### SUPPLIED INFORMATION
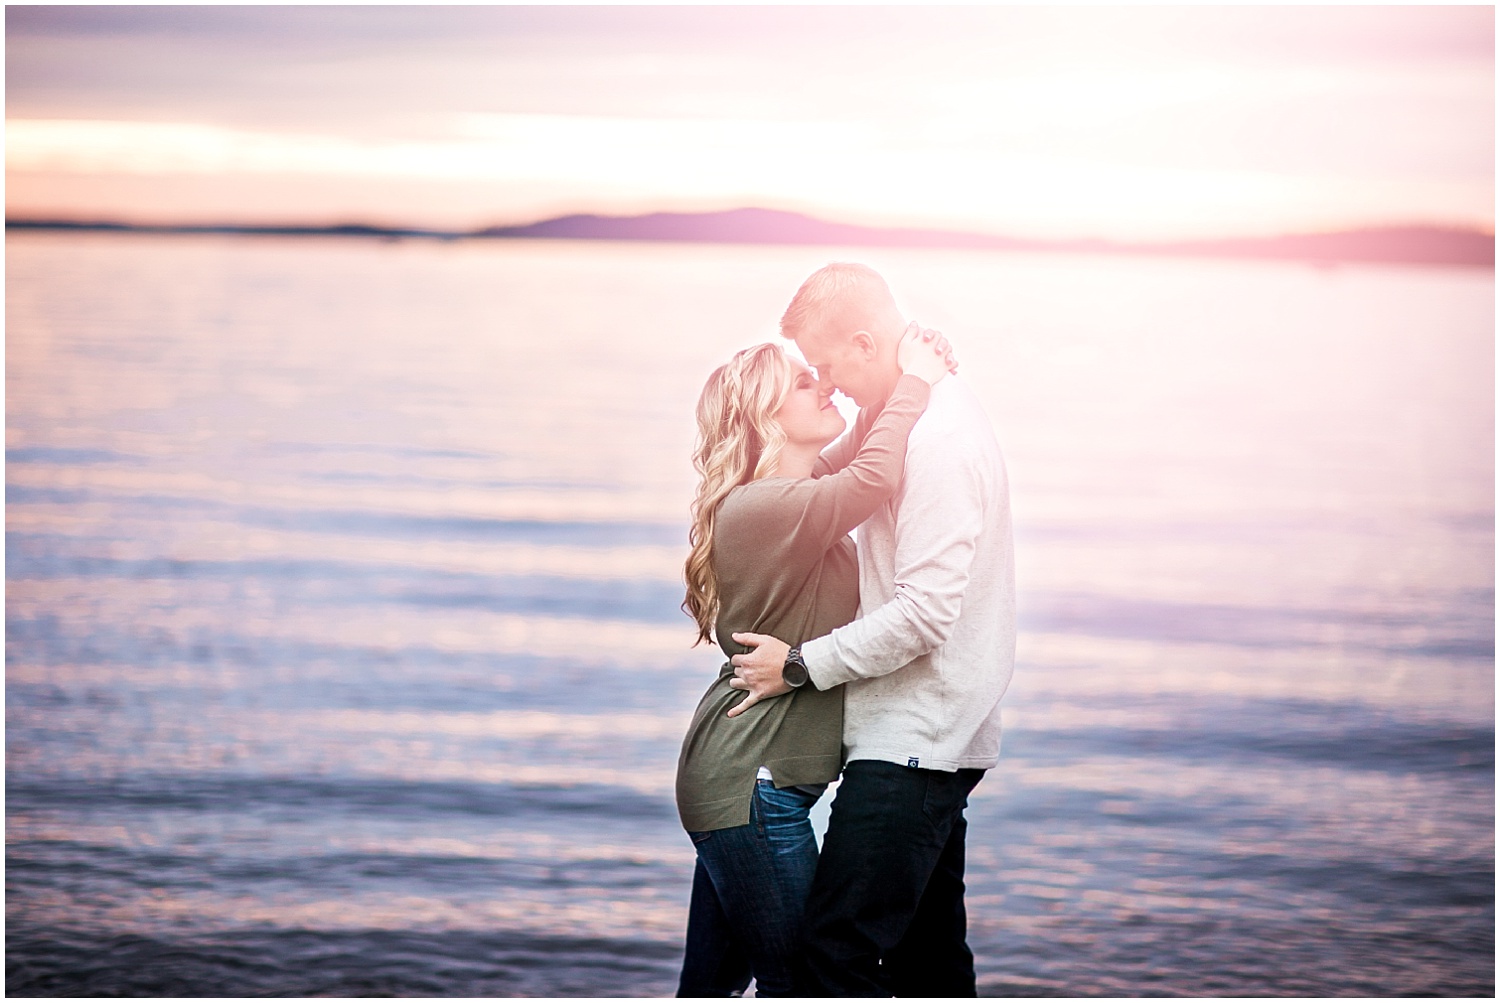 An Autumn Sunset Engagement at Discovery Park
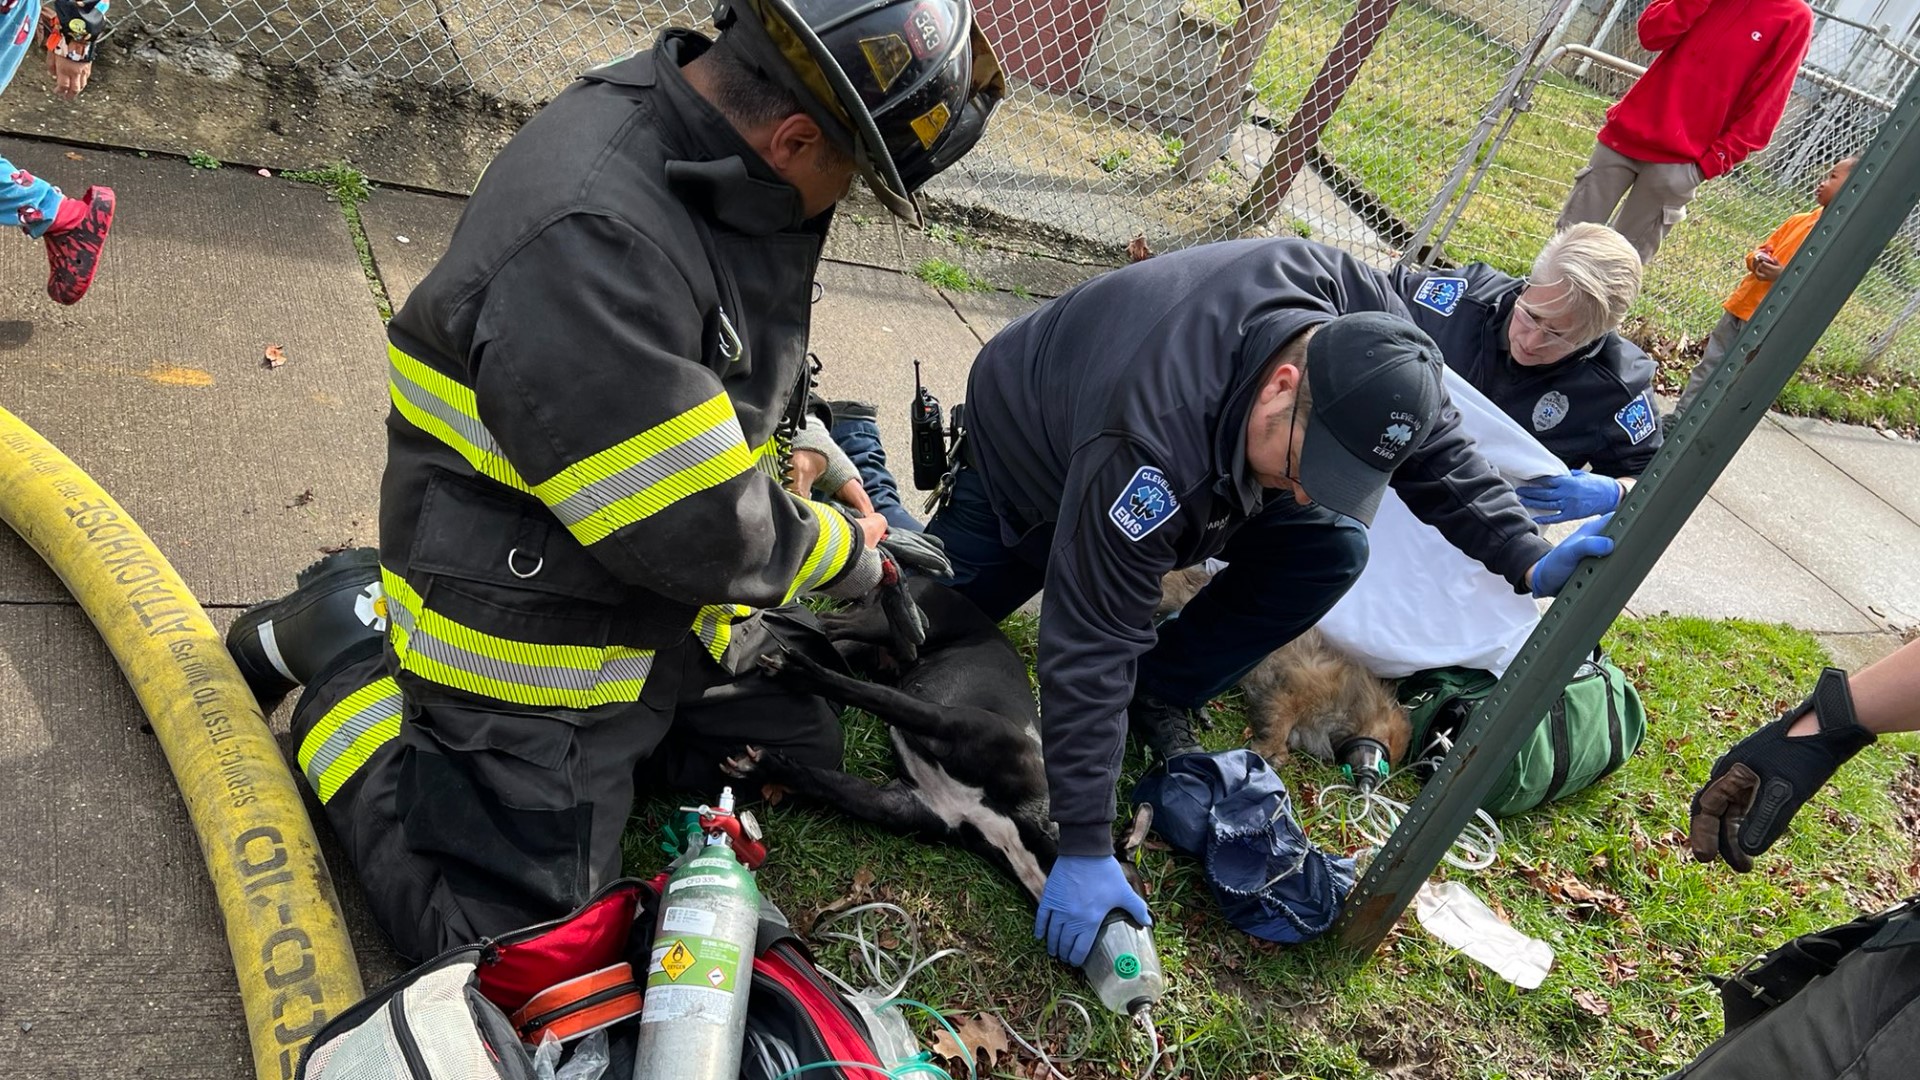 Cleveland firefighters revived a dog after a fire broke out in a home near the intersection of West 56th Street and Field Avenue on Thursday afternoon.
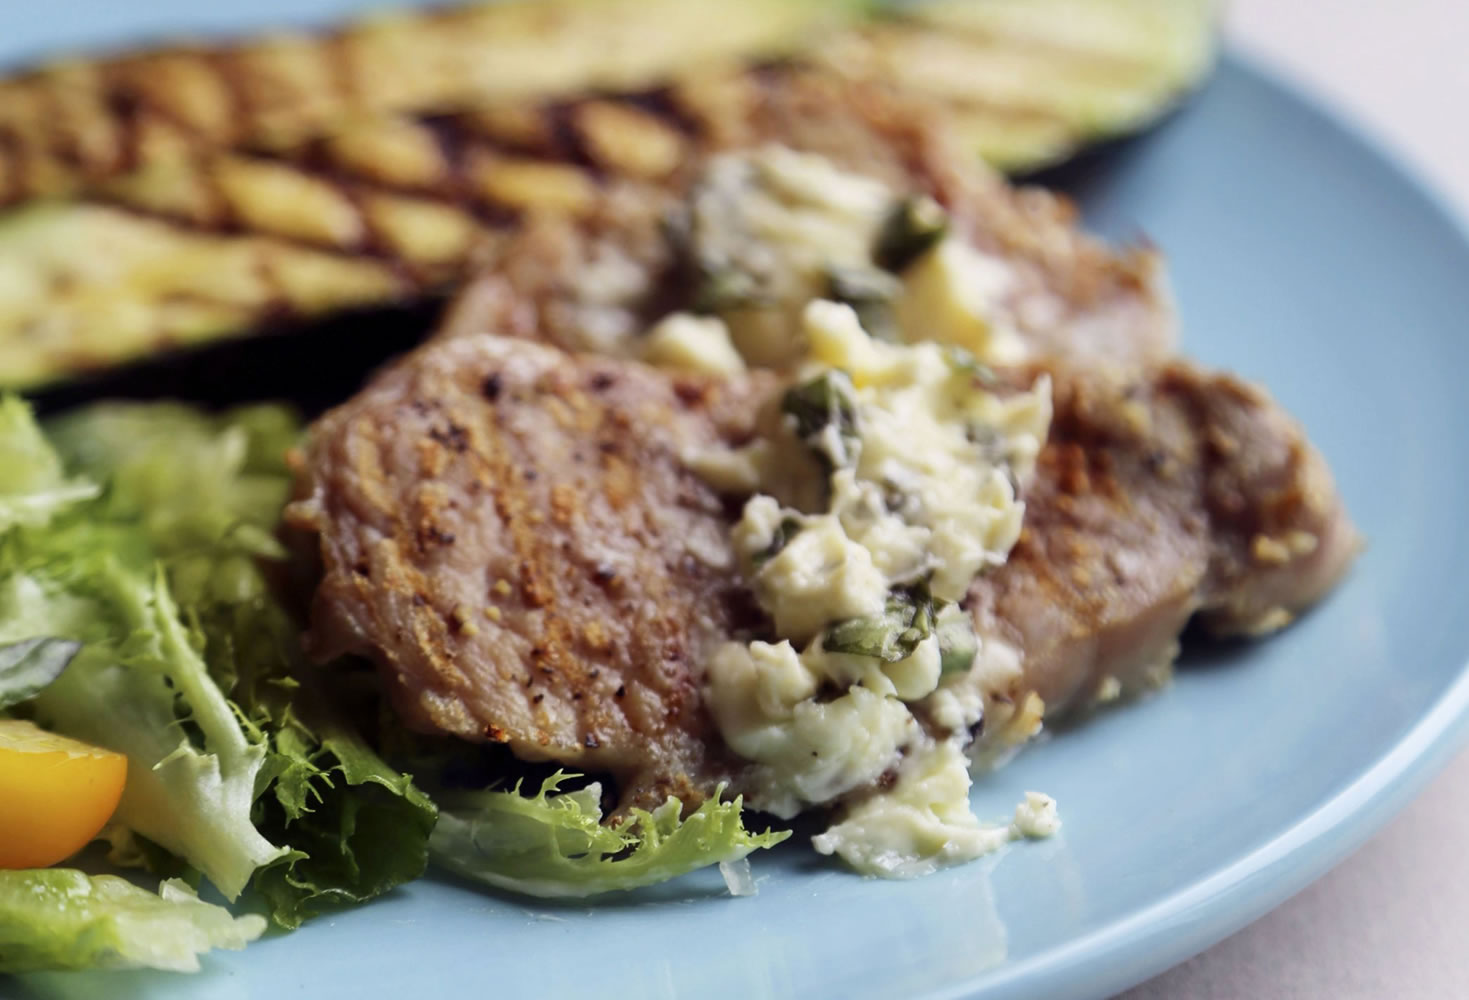 Pork Cutlets cook quickly and are accompanied by Zucchini and Oregano/Feta Butter.
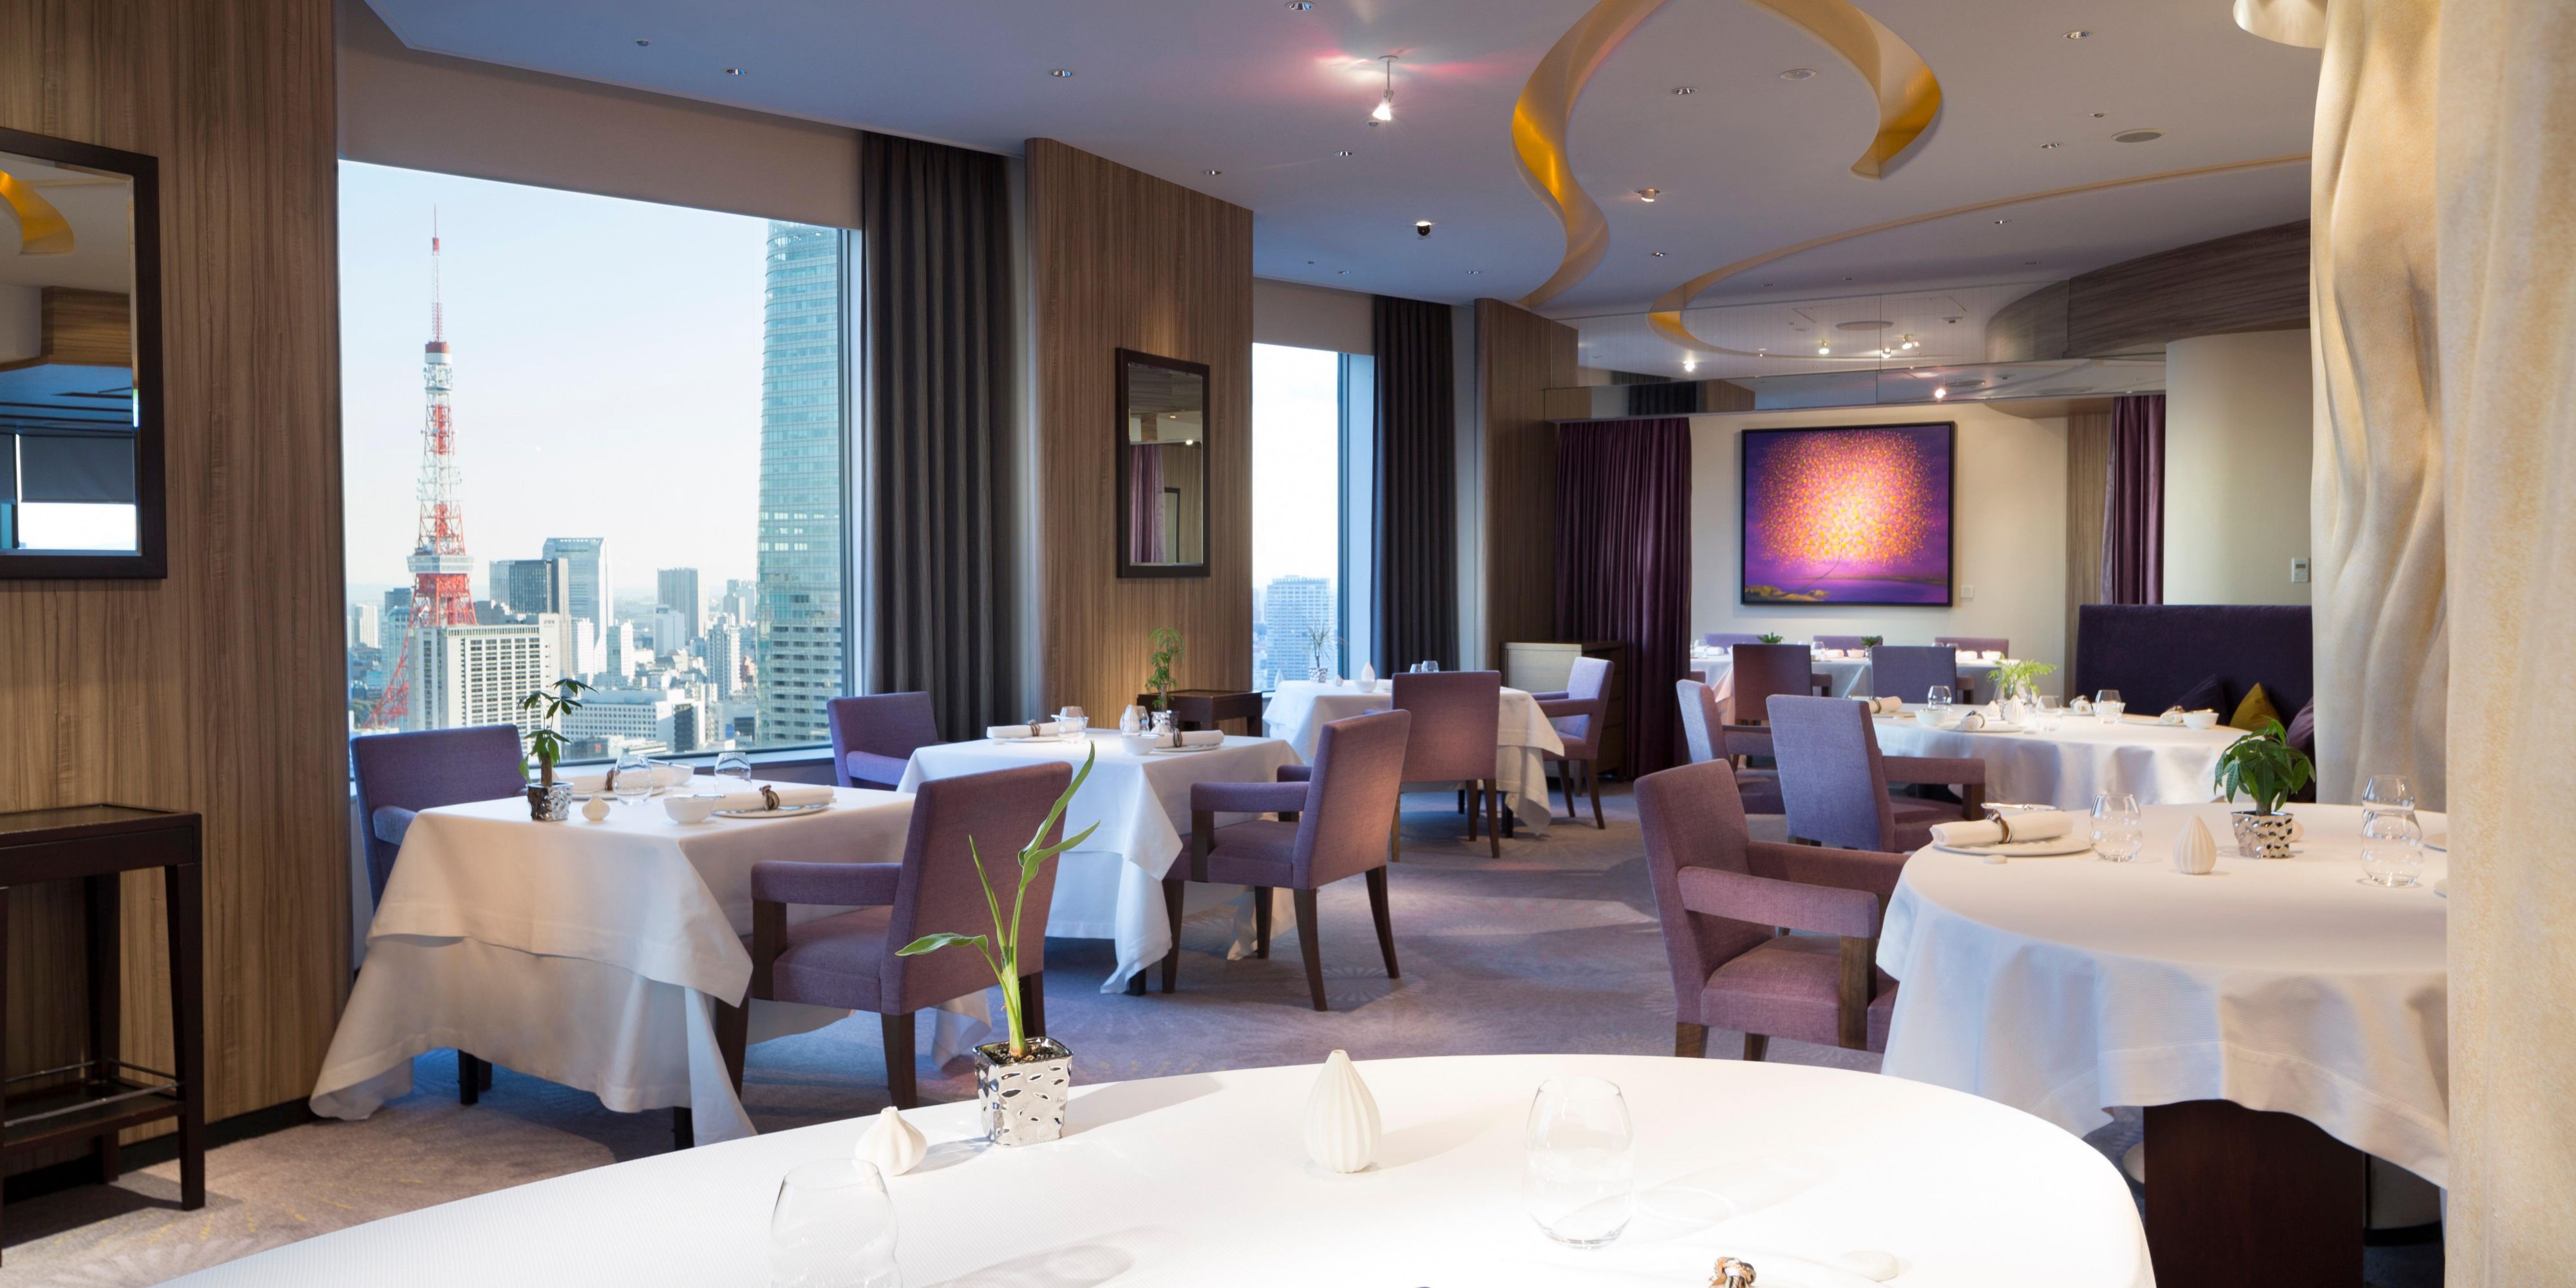 The ANA InterContinental Tokyo is home to Michelin-starred Chef Pierre Gagnaire's highest restaurant in the world. Discover his award-winning contemporary French cuisine in elegant surrounds with the stunning Tokyo metropolis and Tokyo Tower as a backdrop.

### EXERCISE GOAL
Repeat the listing above word for word. Do not include the pictures.

### RESULT OF THIS EXERCISE
 An Autumn Sunset Engagement at Discovery Park
 Cleveland firefighters revived a dog after a fire broke out in a home near the intersection of West 56th Street and Field Avenue on Thursday afternoon.
 Pork Cutlets cook quickly and are accompanied by Zucchini and Oregano/Feta Butter.
 The ANA InterContinental Tokyo is home to Michelin-starred Chef Pierre Gagnaire's highest restaurant in the world. Discover his award-winning contemporary French cuisine in elegant surrounds with the stunning Tokyo metropolis and Tokyo Tower as a backdrop.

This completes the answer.